Segundo Nunes, não existem “evidências” de arrefecimento da alta dos alimentos, pois os mesmos fatores que explicaram a pressão no primeiro semestre permanecem: alta das commodities internacionais e aquecimento da economia - o que proporciona repasses de custos.

Adicionalmente, diz, já estão programados uma série reajustes de preços monitorados em julho, como energia elétrica (em São Paulo e Curitiba), taxa de água e esgoto (Porto Alegre, Belém e Fortaleza), ônibus interestadual, álcool - com impacto indireto na gasolina, que recebe 25% do biocombustível - e Gás Natural Veicular (GNV).

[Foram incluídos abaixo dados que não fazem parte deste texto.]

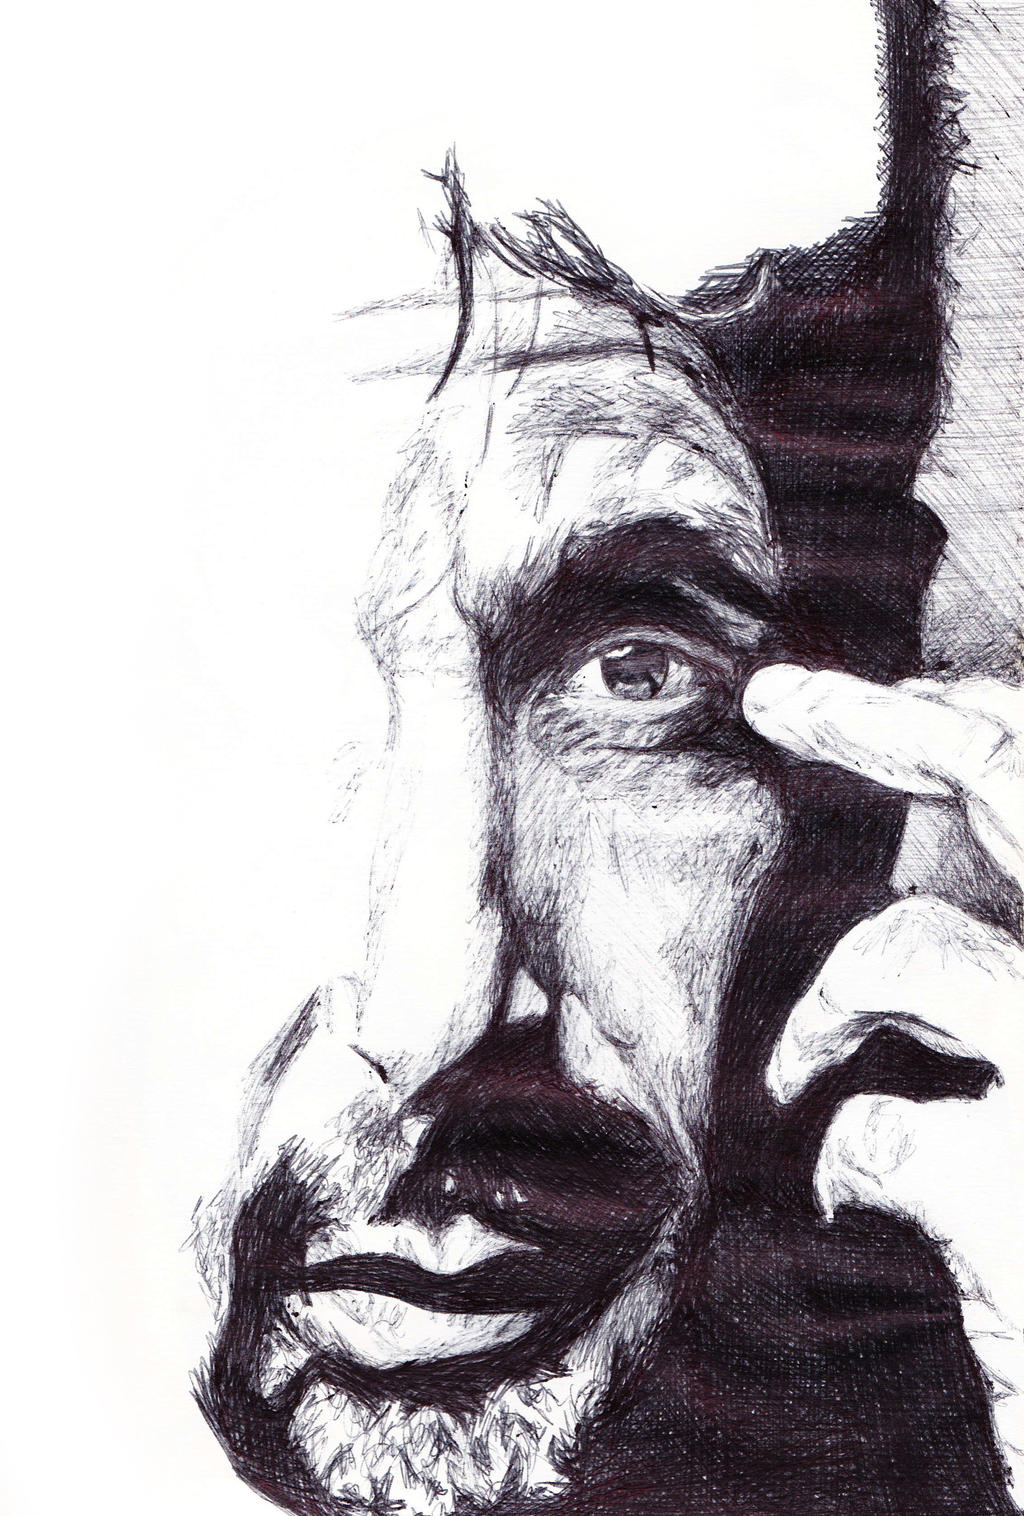 al pacino pen drawing by demoose21 on deviantart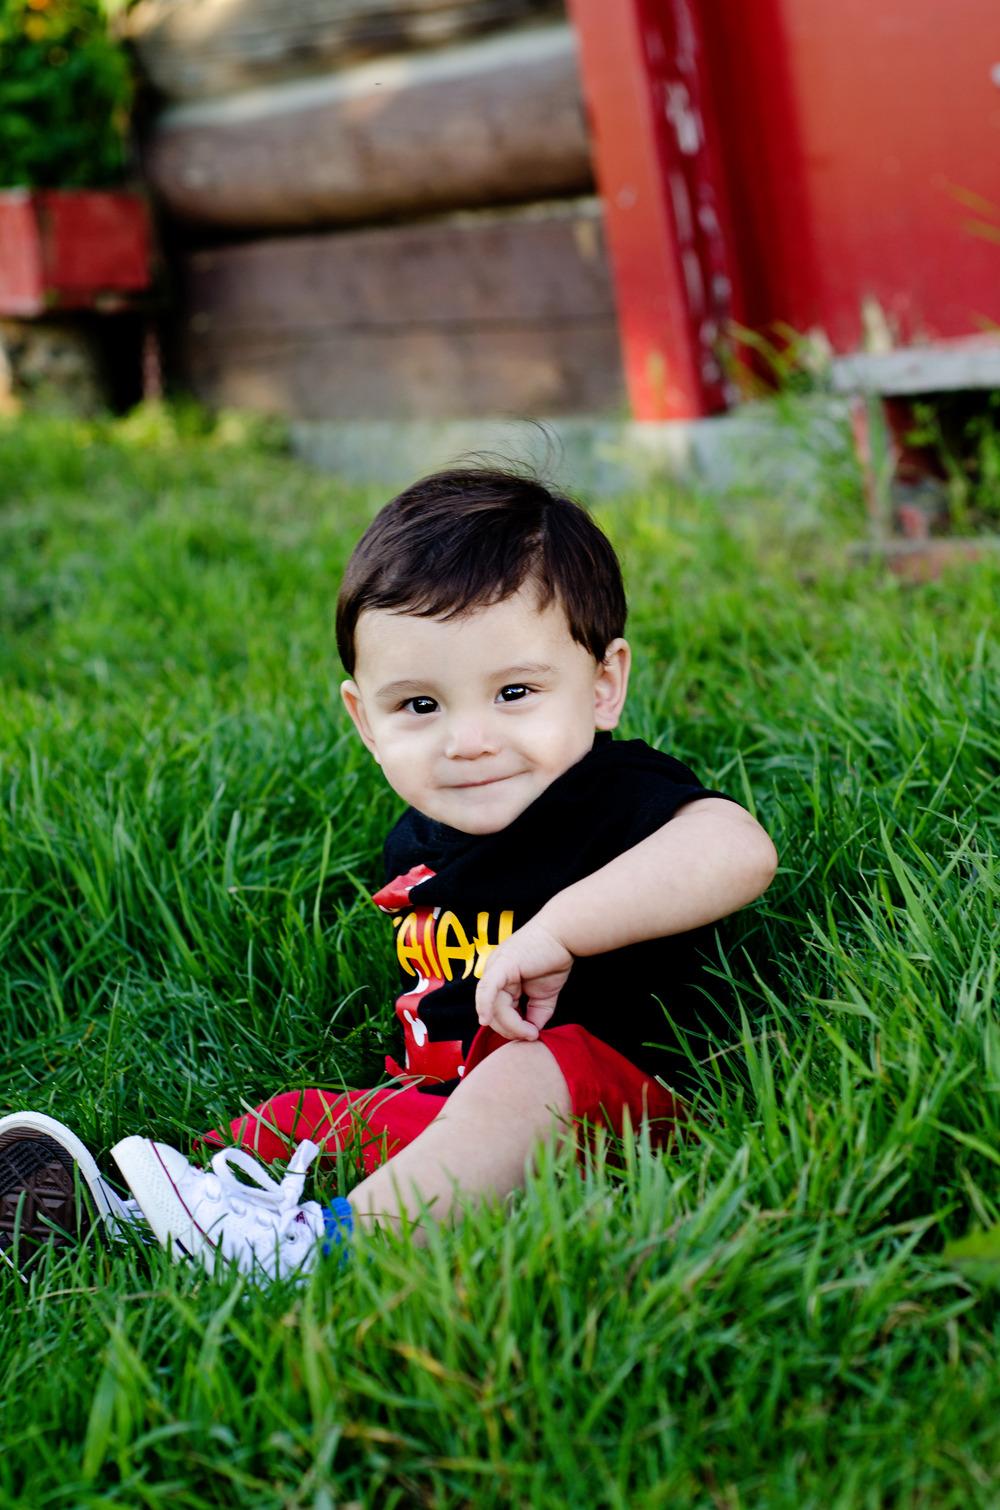 fairbanks alaska children's photographer - baby in grass photos

Para chegar a 6,5% em 12 meses em julho, o IPCA precisa atingir 0,66%, taxa menor do que a de junho e maio (0,79%). De maio para junho, a inflação só cedeu graças ao recuo de dois importantes na cesta de consumo: álcool (-1,94%) e gasolina (-0,08%).

Os alimentos, por sua vez, subiram 2,11% em junho. Foi a maior taxa desde janeiro de 2003 (2,15%), quando o país sofria os efeitos do choque cambial pós-crise detonada pelas eleições presidenciais. Trata-se ainda da mais elevada marca para um mês de junho em todo o Real.

Nunes dos Santos afirmou que há um quadro de inflação “generalizada” de alimentos. E o pior: “Não há nenhuma evidência que aponte para uma desaceleração no curto prazo”, afirmou.

Com esse cenário, consultorias e instituições financeiras já estimam que o IPCA feche 2008 na casa dos 7%, acima, portanto, do teto da meta.

Segundo Rafael Castro, da LCA, os alimentos tendem a se acomodar “num patamar elevado” no próximo mês e compensar parcialmente a aceleração dos preços administrados. Desse modo, estima, o IPCA ficará em 0,55% em junho. Ele acredita, porém, que o cenário “de inflação mundial” e o alto nível de atividade manterão o índice pressionado neste ano. A LCA prevê alta de 6,8%.

Para Carlos Thadeu de Freitas Filho, da corretora SLW, o aumento da taxa Selic só deve surtir efeito sobre o consumo ao final do ano. Até lá, o choque inflacionário, liderado pelos alimentos, se manterá.